Work instruction>
Output the data in full. Keep every word exact and exclude the pictures.

Information shown>
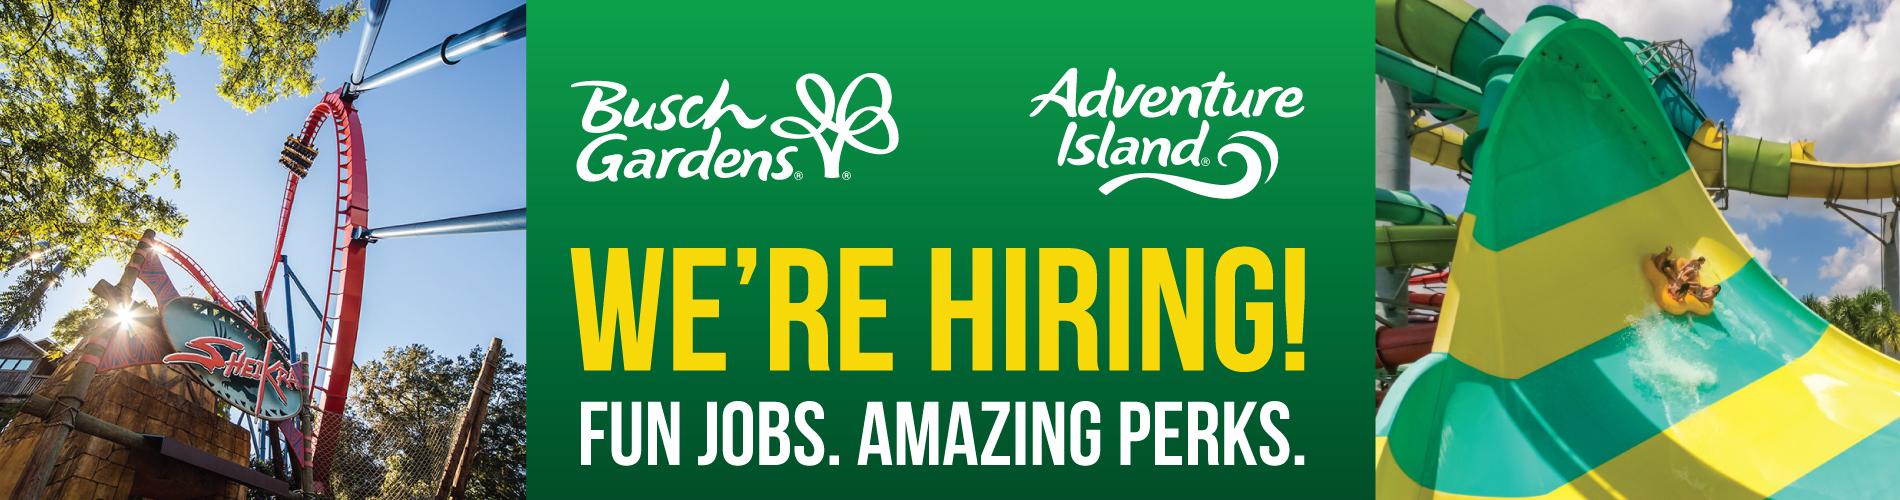 Busch Gardens Ride Operator and Adventure Island Lifeguard
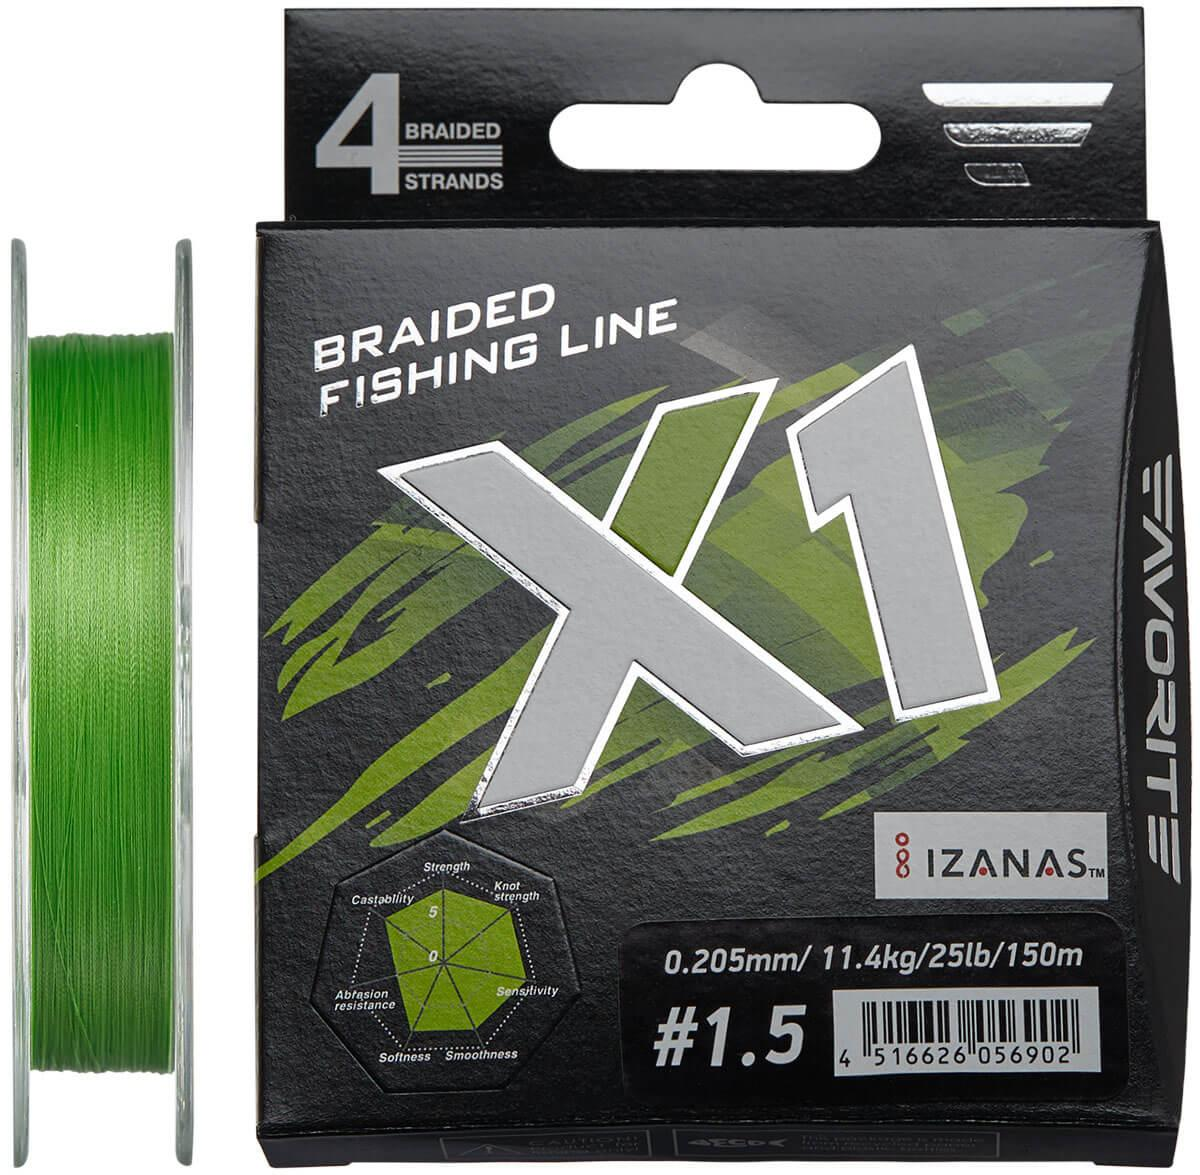 Шнур Favorite X1 PE 4x 150m (l.green) #1.5/0.205 mm 25lb/11.4 kg
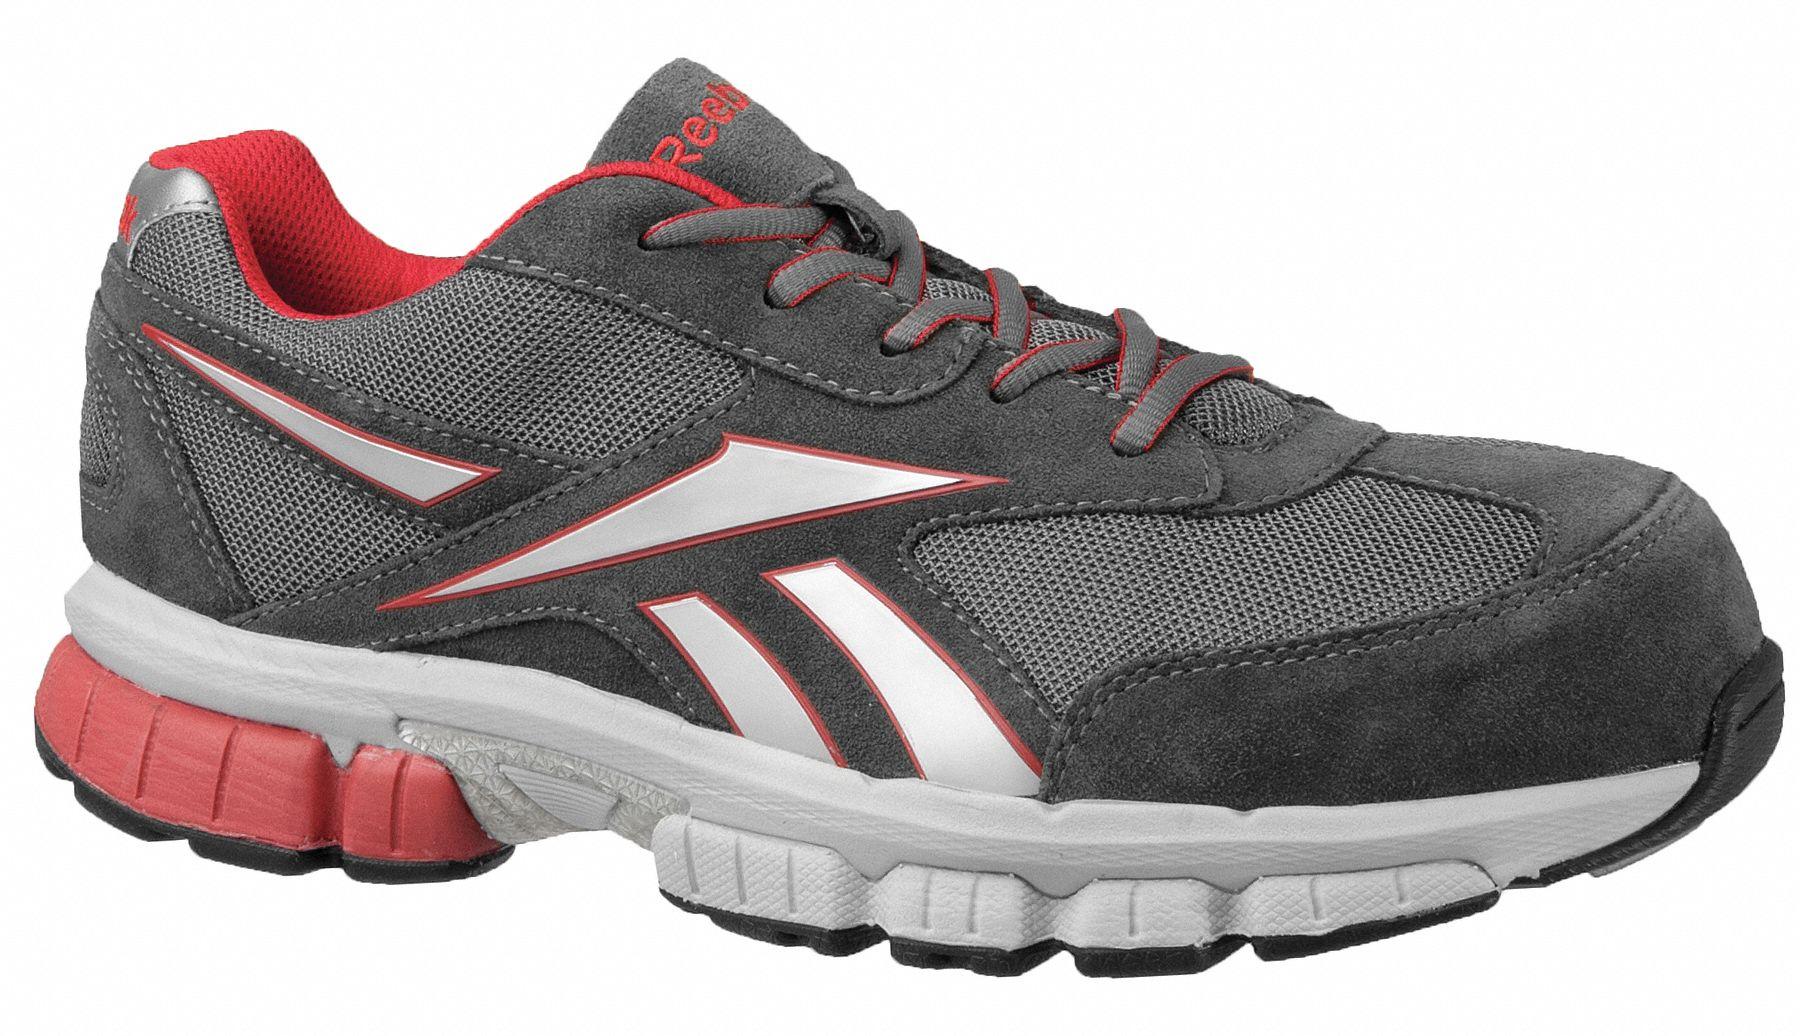 REEBOK Men s Athletic Work Shoes 8b37adfa9
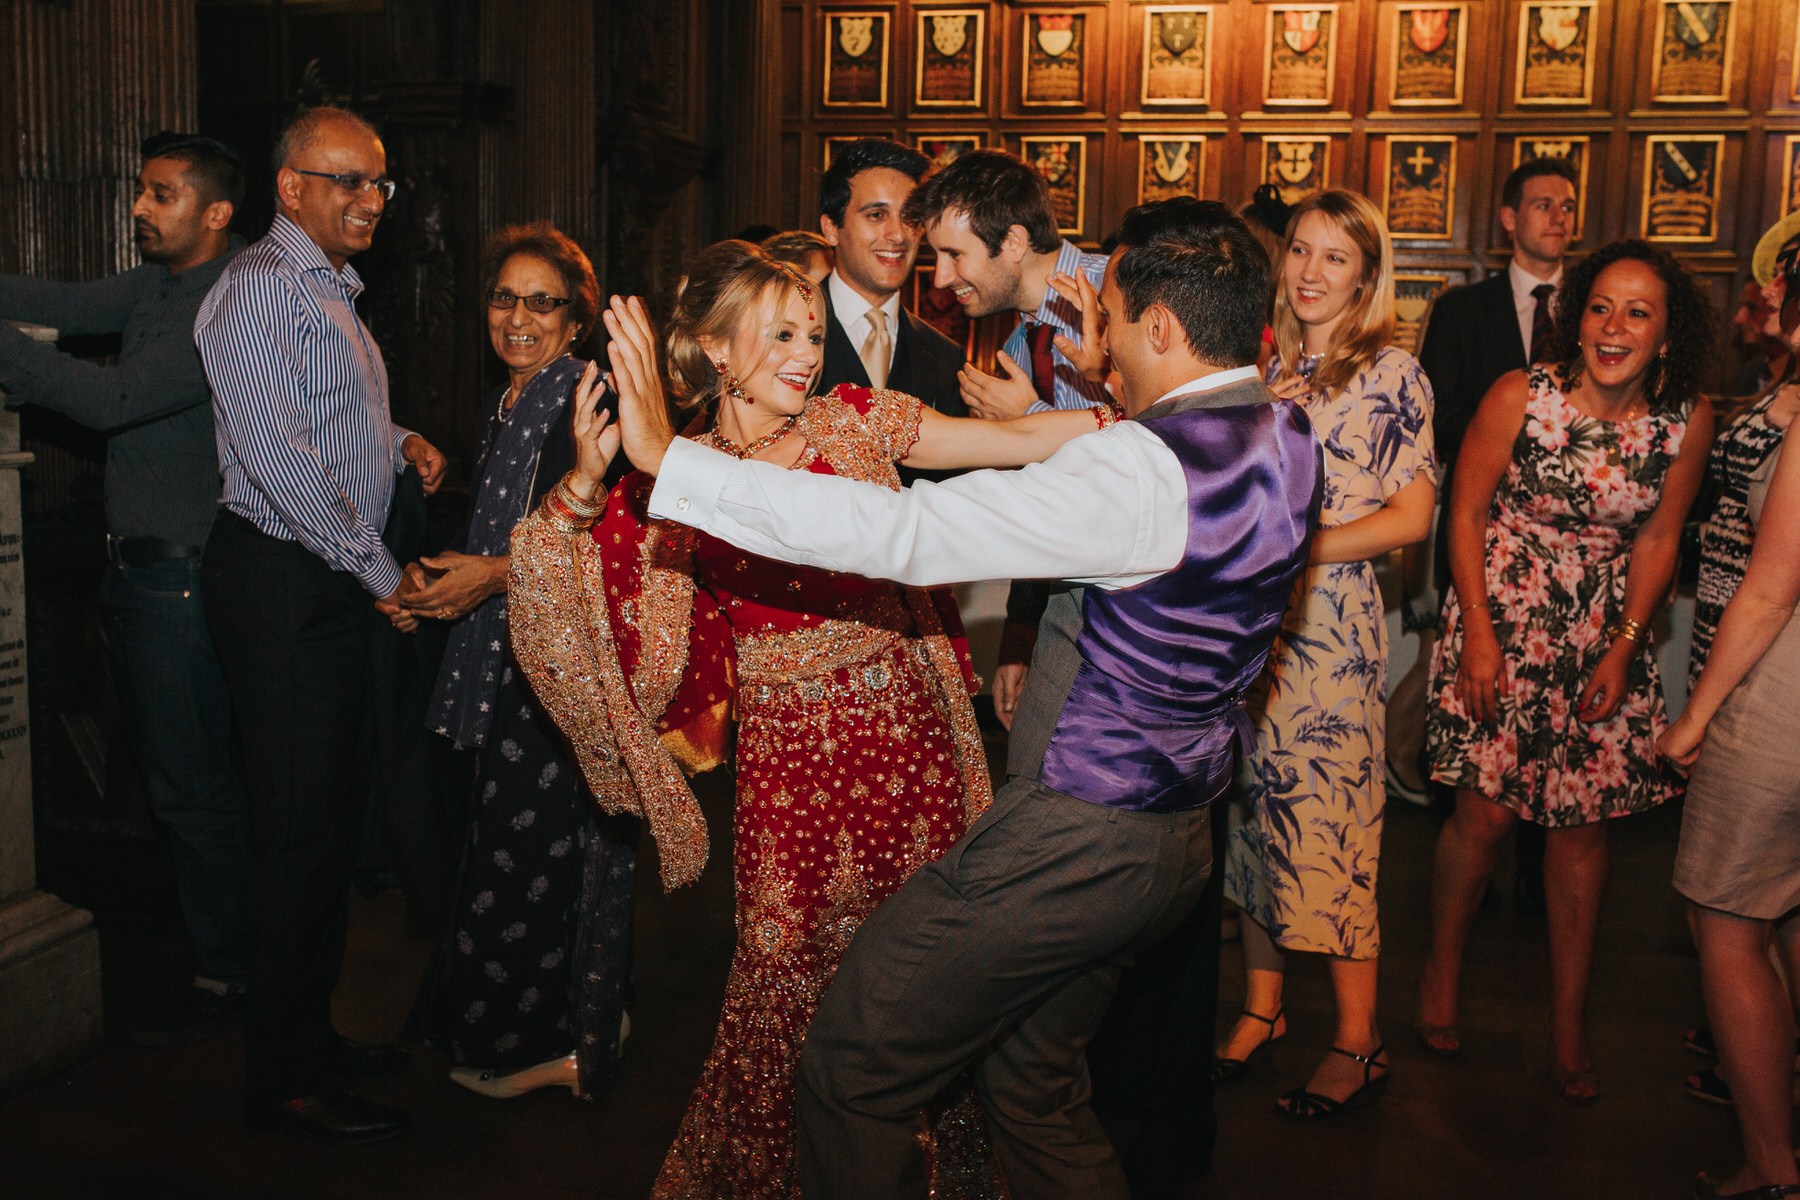 227-Anglo-Asian-London-Wedding-bride-dancing.jpg

Exercise result>
 Busch Gardens Ride Operator and Adventure Island Lifeguard
 Шнур Favorite X1 PE 4x 150m (l.green) #1.5/0.205 mm 25lb/11.4 kg
 REEBOK Men s Athletic Work Shoes 8b37adfa9
 227-Anglo-Asian-London-Wedding-bride-dancing.jpg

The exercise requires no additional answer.